3 – Zelensky is not an angel, and yes, corruption exists in Ukraine. Yet, there is little evidence Zelensky is uniquely corrupt or that he leads a globalist cabal of bad actors. It is important to not judge foreign nations through a US mindset. Some would say the President of El Salvador is corrupt (and Democrats love to say that give his opposition to Joe Biden). I would say he’s doing what has to be done in an imperfect situation to help his country. Regardless, no corruption on the part of Zelensky justifies Russia invading Ukraine, and it’s important to keep that context. And as to the claims of globalism, all I see is a man willing to do whatever it takes to garner help for his country. That’s not corruption, that’s realpolitik, as desperate as it may seem at times. In the end, Zelensky has shown himself to be a strong nationalist, with any bent toward globalism arriving out of necessity.

4 – When speaking of corruption in Ukraine, the biggest example of it involves Burisma and the Biden family.
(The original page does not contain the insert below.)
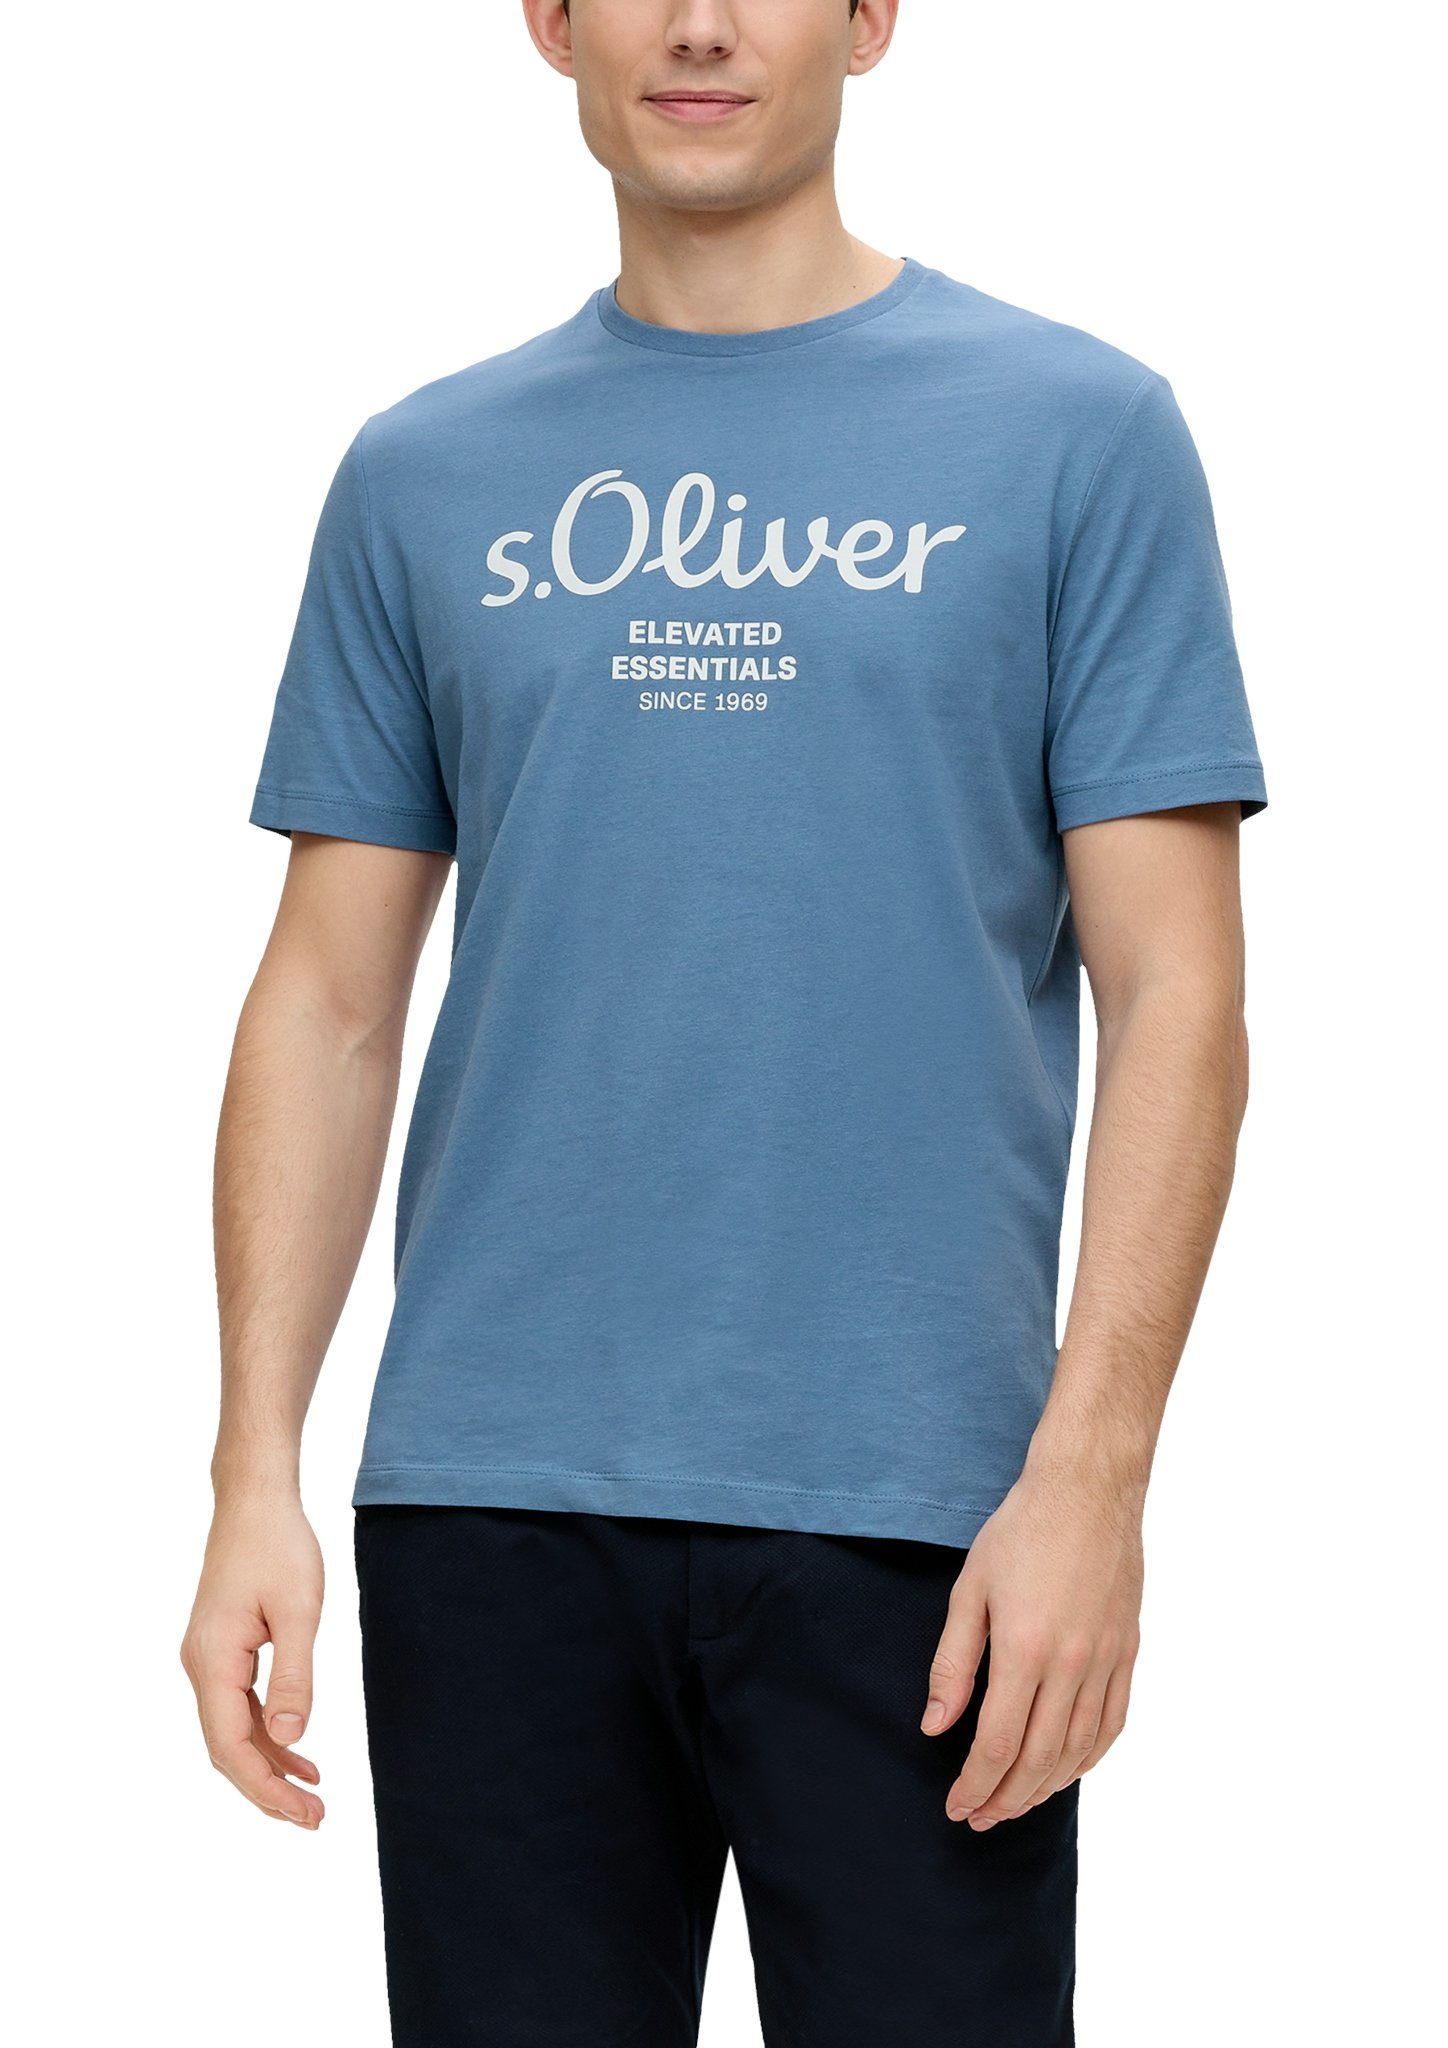 Gestreifte s.Oliver Shirts für Damen online kaufen | OTTO

That has been used to suggest that we shouldn’t help Ukraine. That topic needs more fleshing out, though. Who started Burisma? A member of Ukraine’s pro-Russian party whose president at the time was a Moscow-installed puppet (that now resides in exile in Russia). This was prior to the invasion of Crimea. What scuttled the investigations into Burisma? That would be Trump’s impeachment. Who did that benefit? The Russians. Most of Ukraine’s corrupt oligarchy is also tied to Russia. In other words, when someone says “Ukraine is corrupt,” that’s correct, but most of that fault lies with the Russians.

5 – This is not a case of “both sides are equally bad,” in my view. Sure, it’s reasonable to say Zelensky isn’t perfect, but to state, he’s a “bad character” while openly defending Russia or suggesting there’s no “good side” in the current war? That’s hyperbolic and not backed by evidence. In the case of Owens, she seems to be playing a role more than thinking critically. It feels stupidly contrarian. Perhaps that’s because she’s a liberal who shifted to conservatism when it became lucrative, but her arguments feel manufactured and not based on genuine study and reflection. If Zelensky is “corrupt” to the point of not being worthy of support, then she should explain in detail how he’s corrupt and should be opposed in relation to Putin, which is the case she’s making.

6 – Everyone has a right to their own opinion, even if it doesn’t fall in line with mainstream thought. I am not suggesting all counters to pro-Ukrainian sentiment are “doing Putin’s bidding” or the like. Some things I espouse (such as my view on Syria) aren’t mainstream as well. But I would suggest to anyone absconding from a viewpoint because they view it as group-think to ask themselves whether they are falling into group-think themselves. Look at the facts, access what you can prove, and form a viewpoint. Don’t adopt a mainstream view just for the sake of doing what’s popular. But at the same time, don’t adopt a non-mainstream view just because it isn’t popular. Group-think doesn’t just exist on CNN, and there will always be overlap on issues, especially when dealing with foreign policy.

In the end, I’m not telling anyone exactly what to think, and I recognize there will be nuance. Rather, I’m suggesting that there are some figures on the right who are seeking to fill a niche of opinion instead of being honest with their audiences. Do I like songs that proclaim Zelensky the savior of the world? Heck no, I don’t, but that doesn’t change the facts on the ground in Ukraine. Russia’s invasion is wrong and the Ukrainian people obviously have the will to fight for their sovereignty. Those are the two most important aspects in forming an opinion of the situation. Much of the rest is just noise and comes across as deflecting.